I haven't looked too carefully, but Oshawa/Ajax/Pickering may also fulfill that criteria.


----------



## the-royal-mail (Dec 11, 2009)

Please read this thread and consider carefully the advice that was given:

http://www.canadianmoneyforum.com/showthread.php?t=2529&page=9


----------



## Jungle (Feb 17, 2010)

It's honestly depressing with how expensive the housing market is right now. Of course I'm in the market for an up size in the near future. There is no cheap place with affordable housing near transit anymore. The thought of having a 500,000k+ mortgage makes me sick.


----------



## HaroldCrump (Jun 10, 2009)

Jungle said:


> It's honestly depressing with how expensive the housing market is right now. Of course I'm in the market for an up size in the near future. There is no cheap place with affordable housing near transit anymore. The thought of having a 500,000k+ mortgage makes me sick.


I'm in the same boat.
I consider myself fortunate that I was able to buy a home just at the point the market was about to take off (of course, it was a pure chance and not a calculated move).
We'll need to upgrade at some point in the next couple of years, but I feel squeezed out of the market, inspite of a decent appreciation of my current property.
We're looking down the barell of a $300K+ mortgage, at the very least.
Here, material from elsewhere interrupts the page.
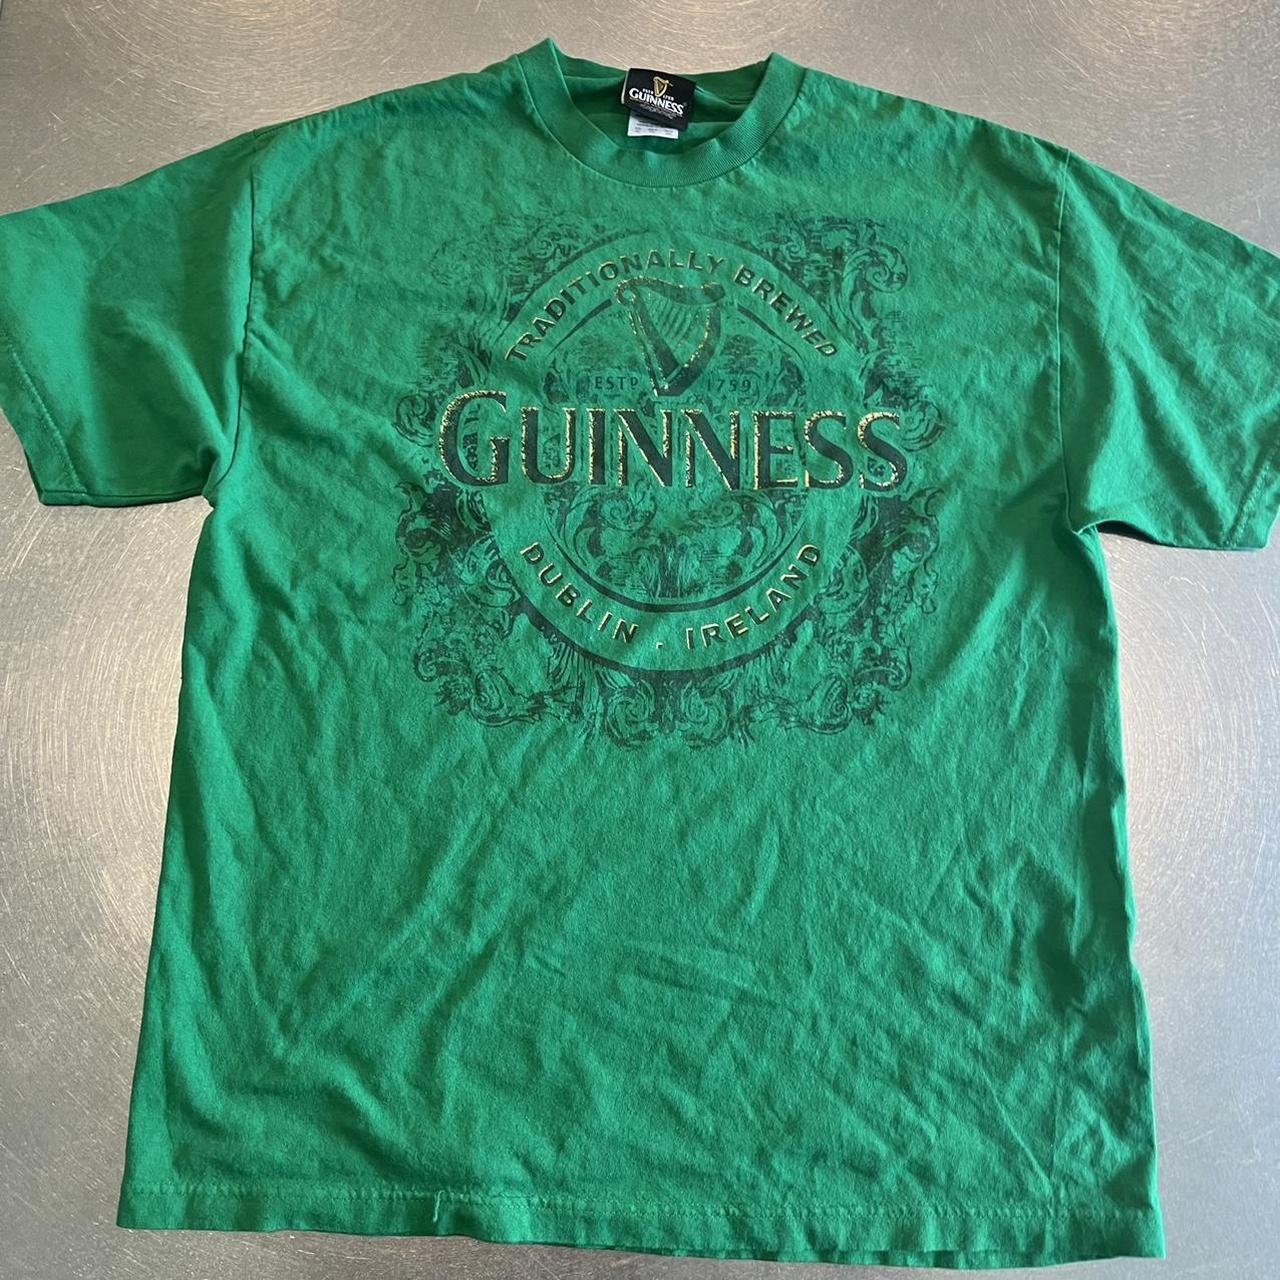 Guinness official merch - new never worn - no flaws... - Depop

Blame the stupid interest rate policy of govt. on both sides of the border that is fuelling this insane speculative market.
Some folks trade houses more often some of us trade stocks !
I wish we could physically relocate some of those vacant houses from the US here into Canada and help bring prices down.


----------



## Berubeland (Sep 6, 2009)

Patience.... 

Inventory is building up in Brampton and Mississauga and 905 region which is what we saw before prices went down in 2008.


----------



## Sherlock (Apr 18, 2010)

You don't have to go all the way to Stoufville, you can find newer townhouses for under 300k in Scarborough.

Example: http://www.realtor.ca/propertyDetails.aspx?propertyId=9967833&PidKey=-41468388


----------



## Jungle (Feb 17, 2010)

Sherlock said:


> You don't have to go all the way to Stoufville, you can find newer townhouses for under 300k in Scarborough.
> 
> Example: http://www.realtor.ca/propertyDetails.aspx?propertyId=9967833&PidKey=-41468388


That's one of the worst areas to live in Toronto. Malvern. Your neighbours are gang members and most people are associate with crime. Still to pay 300k for that is nuts.


----------



## the-royal-mail (Dec 11, 2009)

Always look at a police website crime map (if available) when selecting a location in which to live. Why any non-criminal would choose to live in an area ridden with crime is beyond me. Live somewhere else.


----------



## Sherlock (Apr 18, 2010)

Jungle said:


> That's one of the worst areas to live in Toronto. Malvern. Your neighbours are gang members and most people are associate with crime. Still to pay 300k for that is nuts.


Malvern's not the Bridle Path but it's no Jane/Finch either. There's been a lot of new development there in the last few years and most of the wannabe thugs have left by now because they can't afford to stay there.

In general I think the area around the zoo and southeastern Markham is a good place to find an affordable house.


----------



## Sherlock (Apr 18, 2010)

the-royal-mail said:


> Always look at a police website crime map (if available) when selecting a location in which to live. Why any non-criminal would choose to live in an area ridden with crime is beyond me. Live somewhere else.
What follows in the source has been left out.